Wins have always mattered much more than losses when it comes to determining who the best teams are in College Football. Just 15 years ago, one loss could have eliminated you from even competing for a National Championship. However, with the advent of the 12-team College Football Playoff, we are supposed to praise teams like Ole Miss and Tennessee for having two "quality" losses?
The other big talking point after the playoff committee that Alabama won't be scheduling any tough non-conference games. Alabama's athletic director Greg Byrne said as much after the field was announced.
Well, which power opponent is Alabama not going to schedule: Western Kentucky, Mercer, South Florida or Wisconsin? Surely that's a murderer's row that prevented them from making the playoff.

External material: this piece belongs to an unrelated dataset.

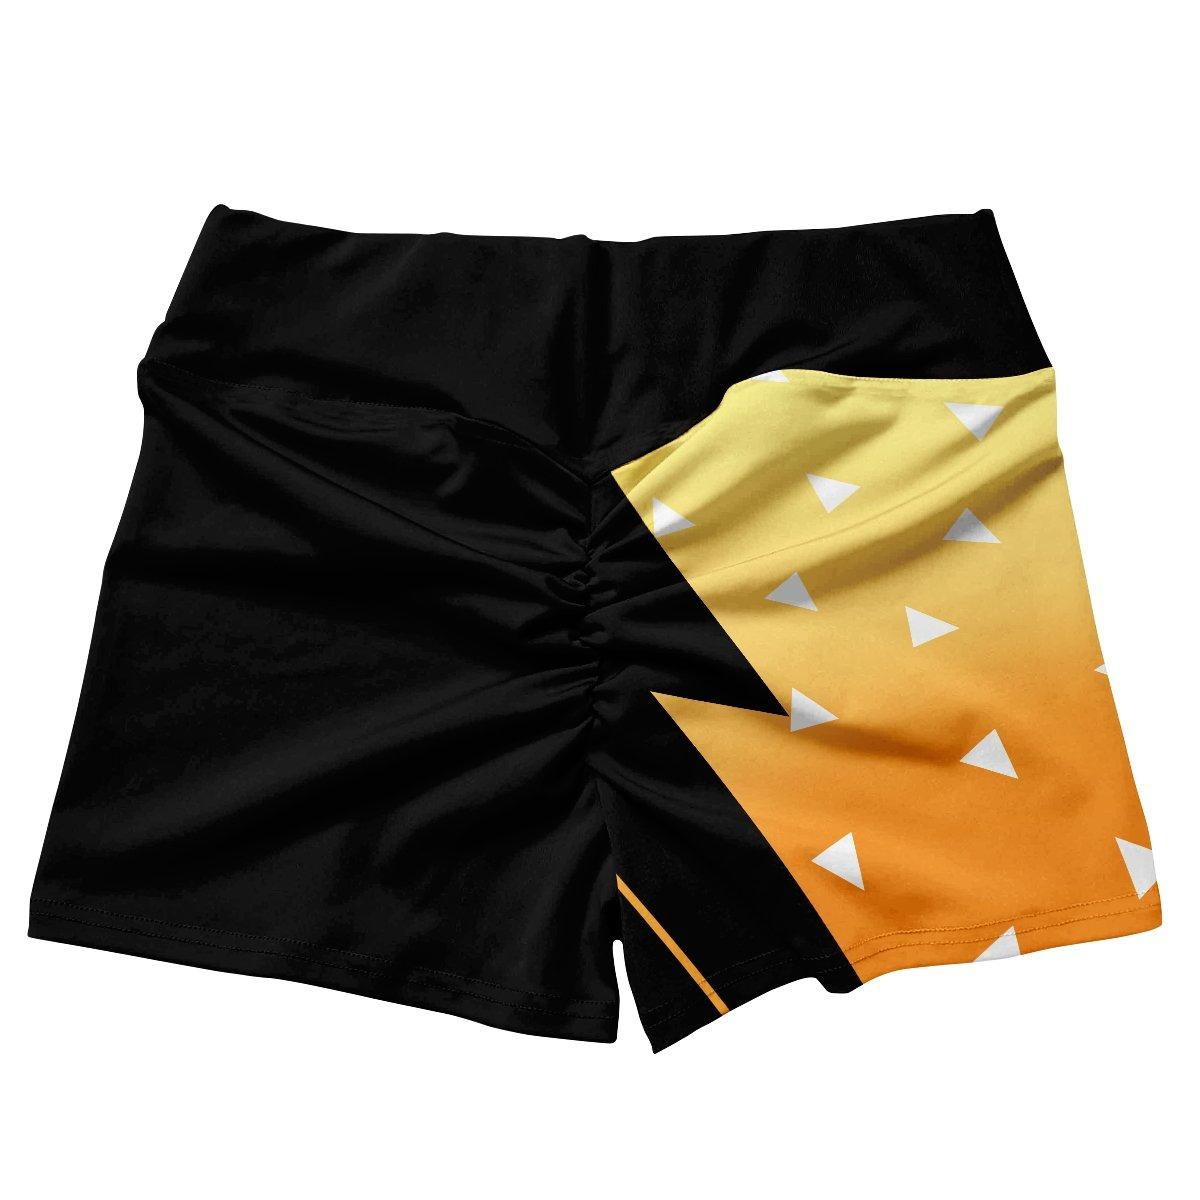 summer zenitsu active wear set 484292 - Anime Swimsuits

What about Ole Miss? It must have been Furman, Middle Tennessee State, Wake Forest or Georgia Southern who ruined their playoff hopes.
It was none of those teams. It was their SEC opponents.
The Crimson Tide lost to Tennessee, which was what you would call a quality loss. Losing by one score at Neyland Stadium is nothing to be ashamed about. It was the 40-35 loss at 6-6 Vanderbilt and an embarrassing 24-3 loss to 6-6 Oklahoma.
Ole Miss was a similar story, but their losses are arguably worse.
- 20-17 to a 4-8 Kentucky team
- 29-26 to a 7-5 LSU team
- 24-17 to an 8-5 Florida team
Honestly, this boils down to one thing: people just want to see the SEC participate in the tournament. Here's the thing: they already do. It's called SEC conference play. Other teams also earn spots in the playoff field and they might not be as talented as those SEC teams.
In college football, wins matter. Earning your place in the playoff field matters. Indiana took a team that had 31 players leave and 30 more come in via the transfer portal, and Curt Cignetti took them to the College Football Playoff with the school's first-ever 11-win season.
When you talk about hypothetical games, maybe remember that Alabama and Ole Miss couldn't win the games they were supposed to and failed to earn a spot. All they had to do was beat Vanderbilt or Kentucky. Just one more win gets them a playoff spot, but they couldn't do it. Maybe someone should tell Lane Kiffin.
Indiana earned the right to get whooped by Notre Dame and the result doesn't change that fact.